= Party-directed mediation =

Form of conflict resolution

Party-directed mediation (PDM) is an approach to mediation that seeks to empower each party in a dispute, enabling each party to have more direct influence upon the resolution of a conflict, by offering both means and processes for enhancing the negotiation skills of contenders. The intended prospect of party-directed mediation is to improve upon the ability and willingness of disputants to deal with subsequent differences.

The concept behind party-directed mediation, depending upon the degree to which a case lends itself, is that if and when parties wish to spend the time to acquire the skills necessary to become more effective negotiators, then they can be empowered to achieve a self-directed resolution. The concept is most effective for disputants who wish to have a greater hand in resolving their own conflicts.

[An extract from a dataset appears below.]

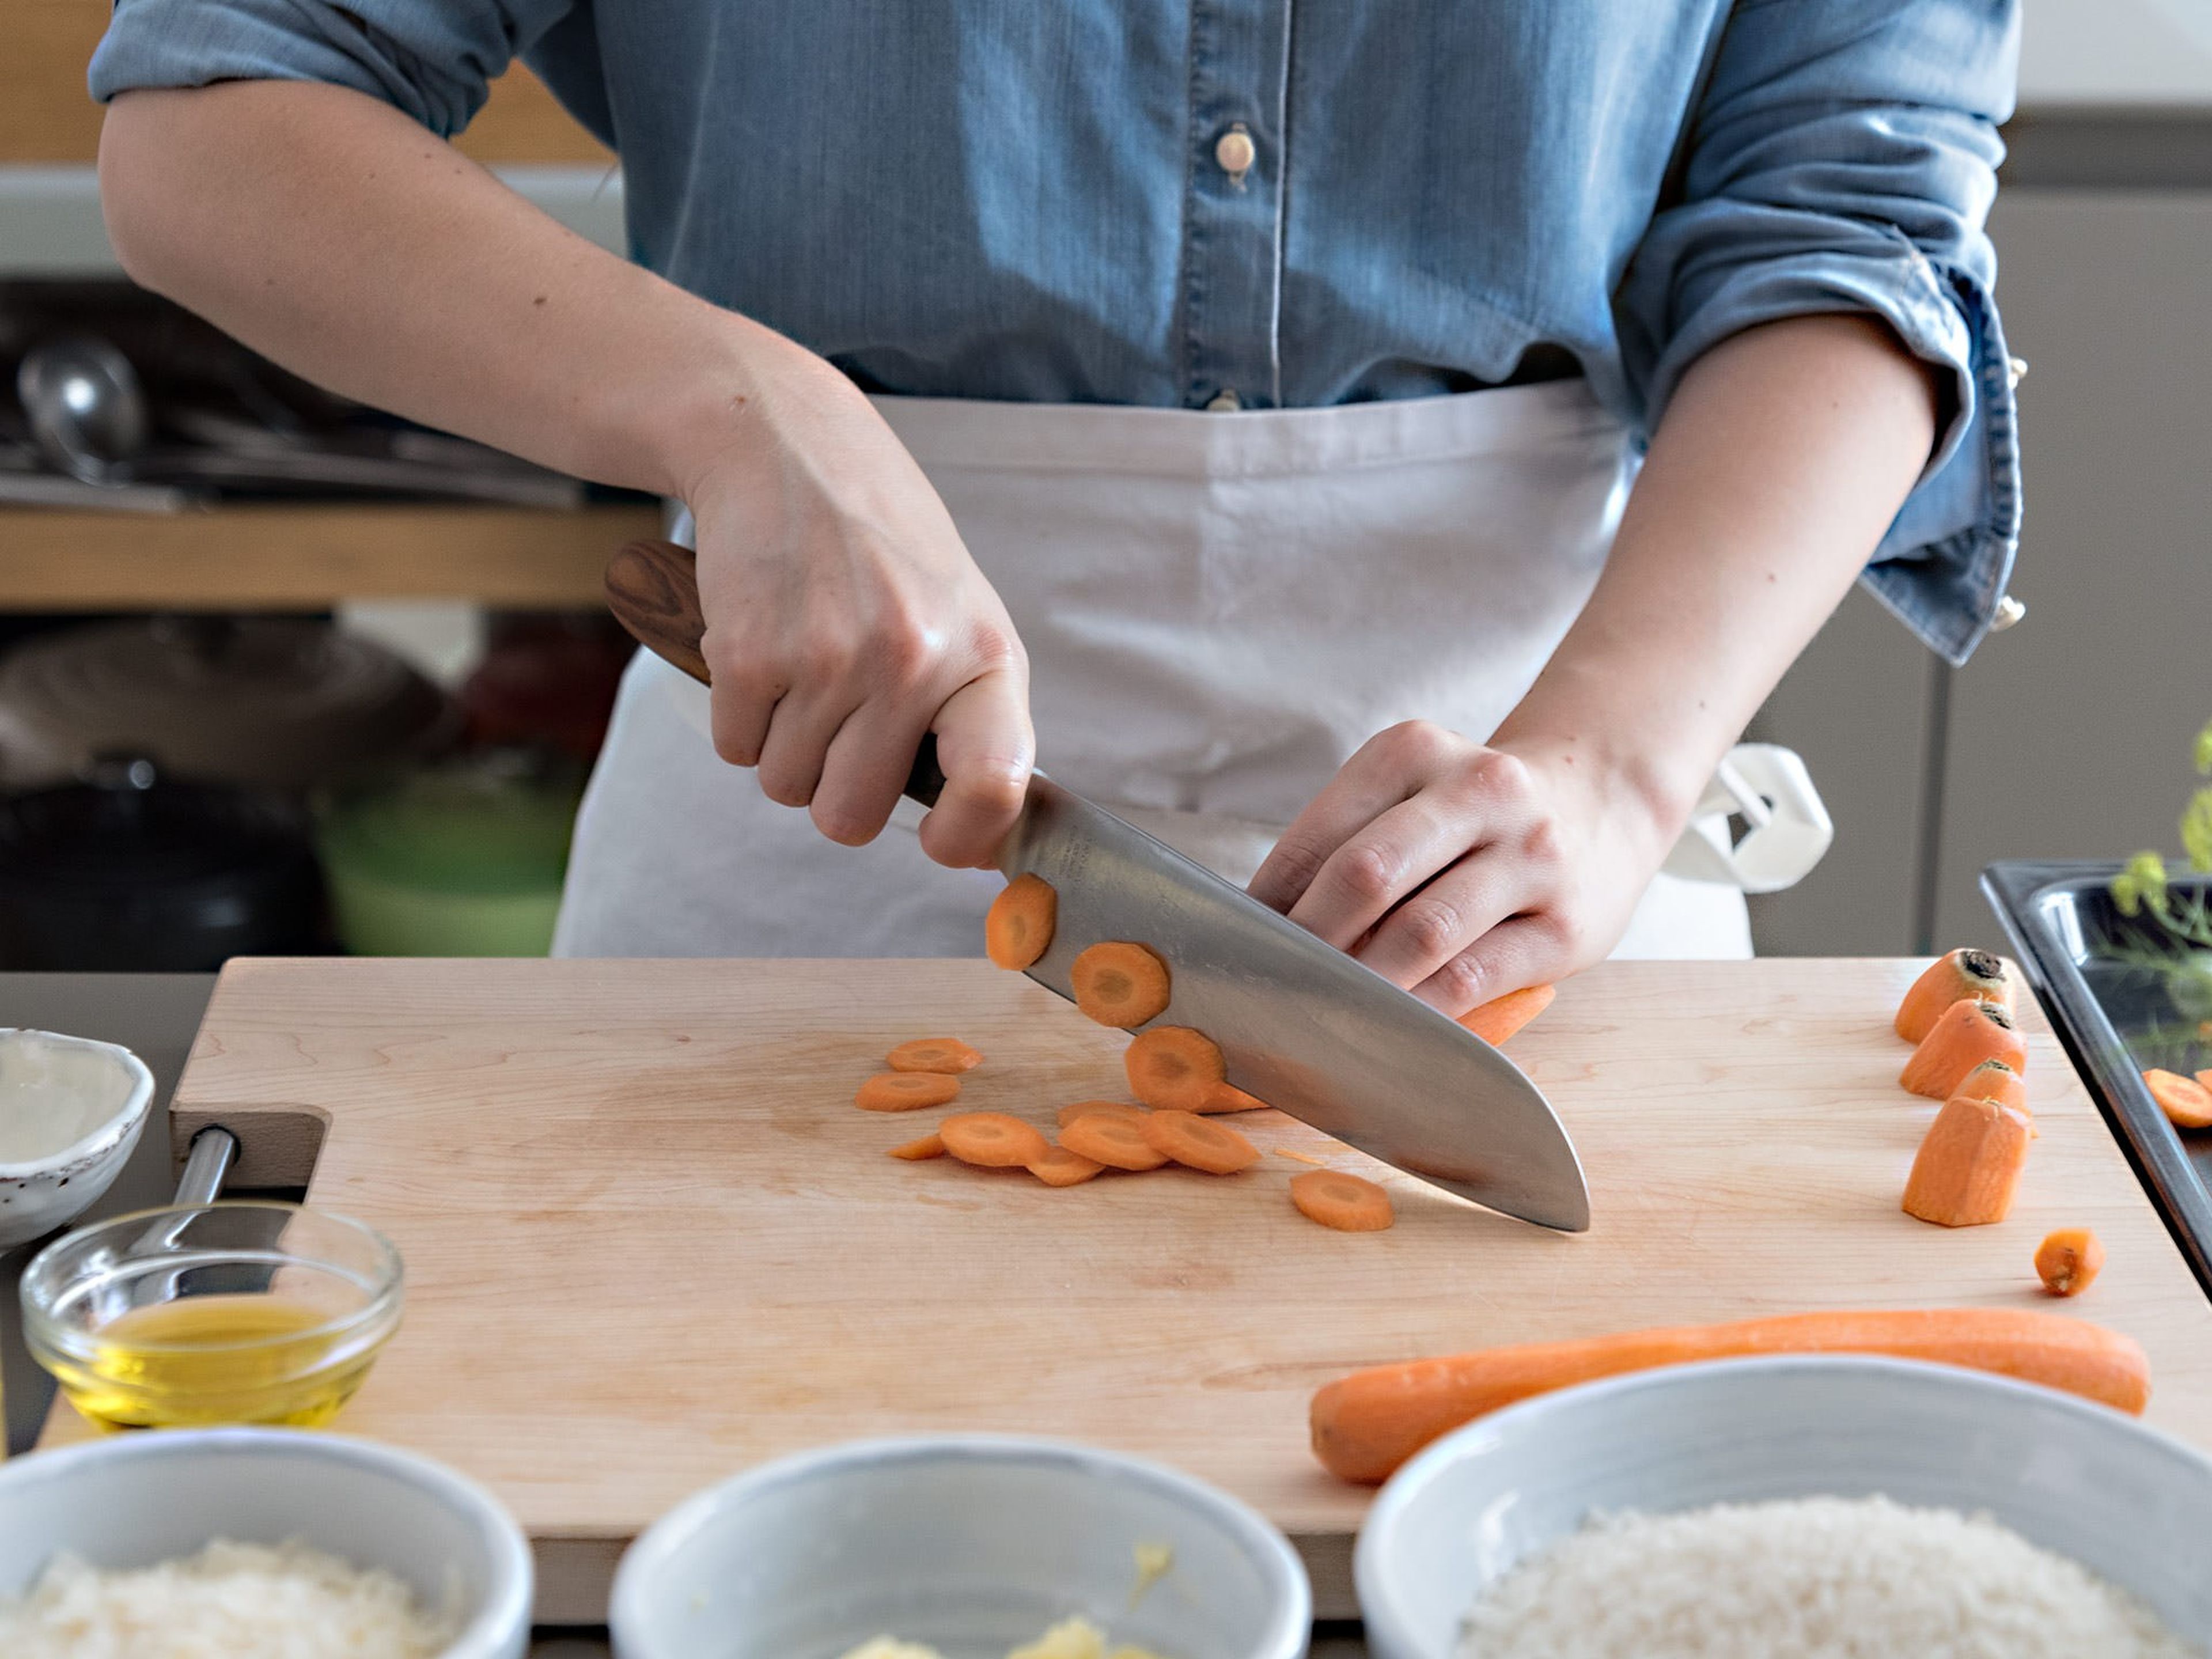 Backofen auf 250°C vorheizen. Karotten schälen und in Scheiben schneiden. Mit Olivenöl, Salz und Pfeffer vermengen und im Backofen ca. 10 Min. rösten.

Party-directed mediation is of special value where individuals or stakeholders will continue to have ongoing interactions, as well as for conflicts with significant interpersonal aspects. As people become more talented negotiators, through adoption of enhanced negotiation skills, they tend to deal more effectively with conflict.

==Essential elements==
Two of the most salient elements of party directed mediation generally are:
- A pre-caucus or pre-mediation meeting between the mediator and each of the parties prior to the joint session, and
- A 'joint session', where parties face each other and speak directly to each other, rather than through the mediator

In some instances, the pre-caucus may be so effective that parties go on to solve their conflict without a mediator. In fact, most people are able to resolve most of their conflicts without a mediator. There are times, however, when mediators are very much needed.

===Pre-caucus===
In the pre-caucus, the mediator meets with each party separately, away from other parties, before they are ever brought together into a joint session. The purpose of the pre-caucus is to help each party release their pent up concerns enough to enable them to gain a broader perspective, and to prepare the parties to pursue their own agenda in the ensuing joint session. This is done through a listening approach called Non-Directive Empathic Listening developed by Gregorio Billikopf and then helping participants through a self-evaluative process and sharing interpersonal negotiation skills with them.

===Joint session===
In the joint session, individuals are situated so they sit face to face in order to address each other directly, rather than through the mediator. To enhance this delegation of responsibility, clients sit facing directly across a table from each other, while the mediator sits at a distance from both. This assures that both parties must address each other, directly. Parties often must be reminded that the mediator is there to help the parties take responsibility for managing their own conflict, rather than to judge between the merits of the position of one party or the other.

==Concept origins==
The party-directed mediation model was developed by Gregorio Billikopf of the University of California. One aspect of the mediation model focuses on listening, using the techniques of client centered therapy developed by Carl Rogers. The role of the mediator is primarily to be a good listener and coach, thereby allowing the parties involved to have free rein over the specific steps taken toward resolving a conflict or achieving a compromise.